Я вспомнила бугристый нос носильщика:

– Это точно брехня, не клеймят в Брендии каторжан,и ноздрей не рвут, лет пятьдесят уже точно,так что балаболы тебе сказывали.

– За что купил, за то продаю.

Мы подождали, пока вода в котелке согреется, Мишка сходил к колодцу, притащил два полных ведра, я в спальню заглянула, чтоб несессер с принадлежностями и чистую одежду прихватить.

– Что делать теперь будем, а, Геля?

– Ты будешь в другой комнате ждать, Михаил, пока я омовение свершать буду, а после отправишься со мною в приют, где расскажем мы директрисе о сверхубедительных причинах твоего отсутствия.

Он не хотел. То есть в гостиную ушел послушно, но против возвращения в приют возражал. Εму грозили порка и карцер. Я слушала страшные истории о подобных случаях, о замученных детях, о пытках и голоде.

– Давай, рыжая, сегодня попрощаемся,ты как знаешь, а я засветло через заставу уйду с крестьянским обозом.

– Погоди в бега пускаться. – Вышла я, поправляя пояс чистого платья. – Поживи со мной, пока я задание исполню, там решим, что дальше делать.

– С тобой?!

– Ну должна же я тебя за сохранение денежного саквояжа отблагодарить.

– Тетка твоя меня прогонит.

– Уговорим Захарию Митрофановну, – уверила я. – Ночевать будешь на софе в моей же спальне, хлопот никаких не доставишь.

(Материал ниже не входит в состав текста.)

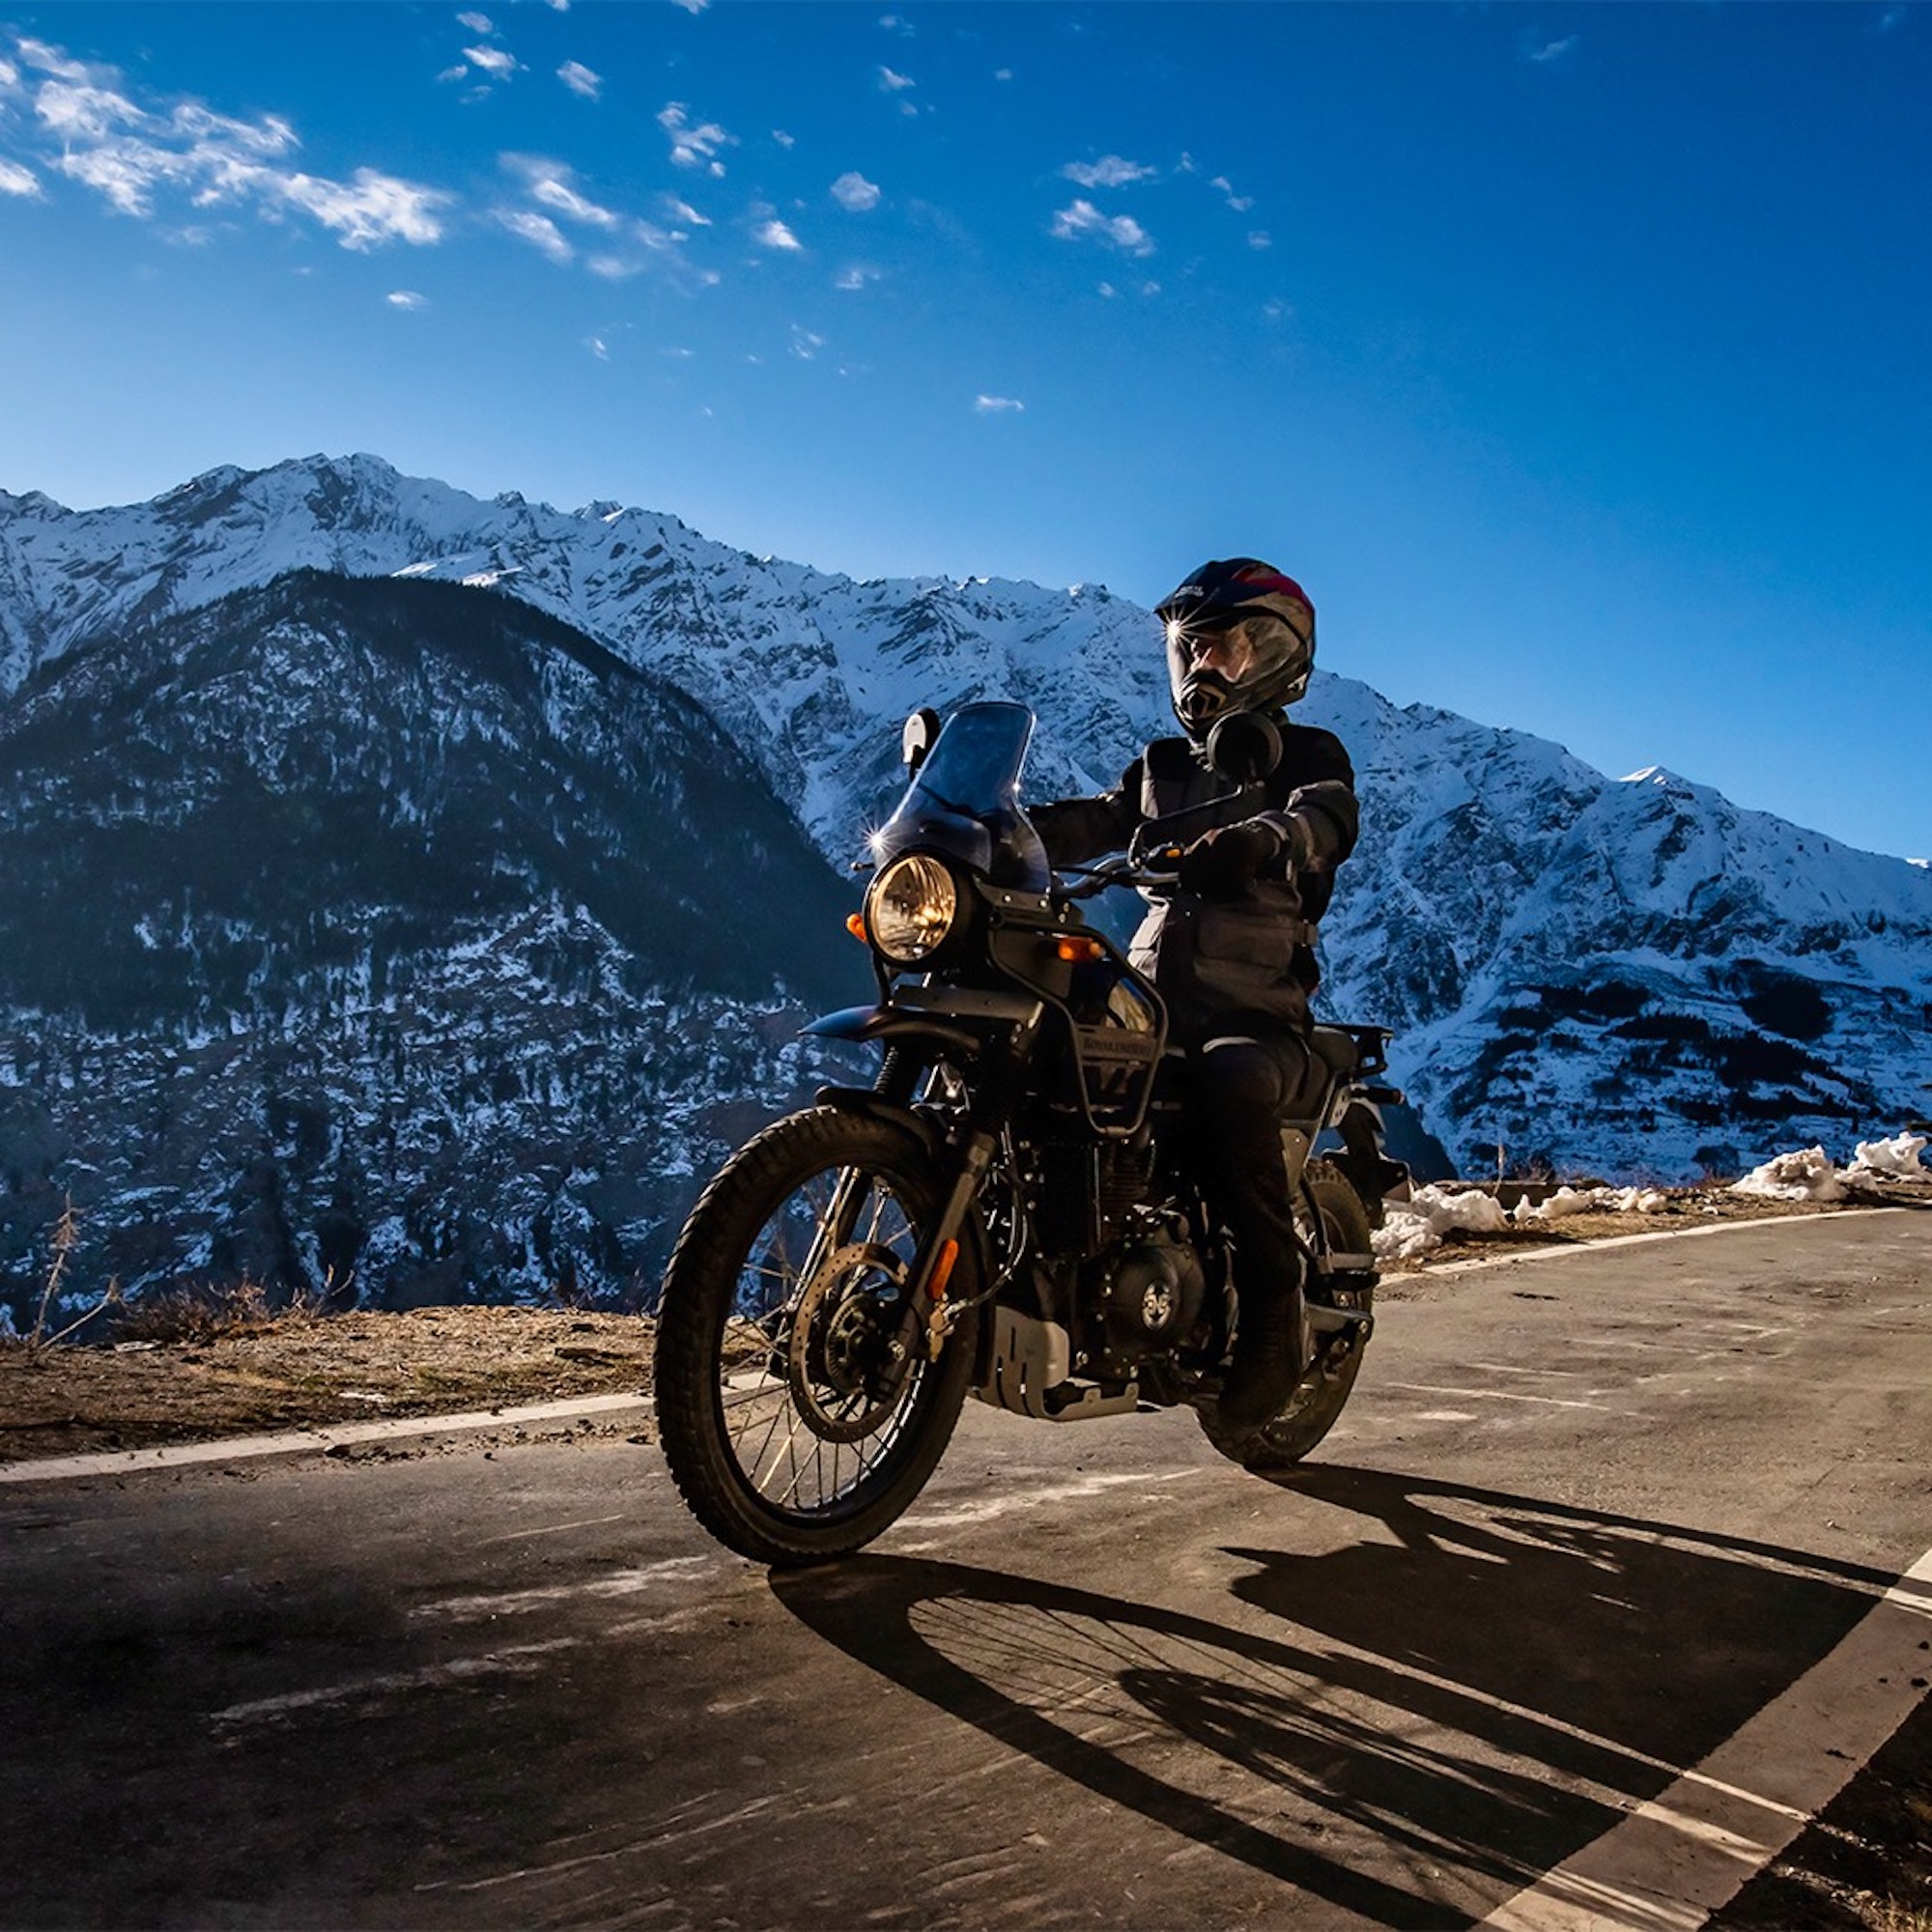 A view of Royal Enfield's Himalayan. Media sourced from Royal Enfield.

Он поломался немного для виду, но я понимала, как ему хочется пожить хоть немного в тепле и чистоте, не промышлять воровством, не бояться насилия. На том и порешили. Мишка оставался отсыпаться за бессонную ночь, возвратившейся Губешкиной должен был отдать мою записочку с пояснениями, я же уходила в город. Ударили по рукам. Вообразивший себя прислугой Михаил занялся приборкой на кухне, я развернула под лампой оттаявший блохинский лист. Был он в мокрых разводах, но чистым, без единой строчки текста. Чародейские очки тайных знаков мне также не открыли. Ничего страшного, просто придется опытного человека для консультации привлечь, а пока отложим. Я спрятала бумагу в сундук под белье, зашнуровала ботильончики, не забыв рассмотреть их сквозь очки на предмет навьих шерстинок, набросила на подсохшие волосы платок и пошла на дело, велев Мишке на улицу не соваться и незнакомым не отпирать. Он бы и не смог, к слову, замок я, открыв его шпилькой из своих гнумских запасов, заперла снаружи.

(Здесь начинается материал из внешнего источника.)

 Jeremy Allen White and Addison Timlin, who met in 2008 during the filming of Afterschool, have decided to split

Полдень давно миновал, день катился к закату и я, рассудив, что пара часов погоды для Ливончика не сделают, спросила у какой-то раскрашенной девицы, где «Храм наслаждений», отправилась в указанном направлении. Бордель был, как все в Крыжовене, вычурно наряден с фасада, с золоченной аршинной вывеской, под ней я простояла минут с несколько, стараясь смеяться не громко. «Храм насладжений!» Умора! В названии были перепутаны местами «ж» и «д».

В расчудесном расположении духа ступила я в чертоги платной любви, втянула ноздрями аромат порока (пот, скисшее шампанское, сигарный дым,туалетная вода «Мадемуазель Жужу» пять копеек за флакончик) и велела девице в передничке и наколке горничной:

– К мадам меня отведи, милая.

– Почивает она, – ответили мне без улыбки, – если на работу наниматься,так обожди. Только не здесь, на кухню ступай.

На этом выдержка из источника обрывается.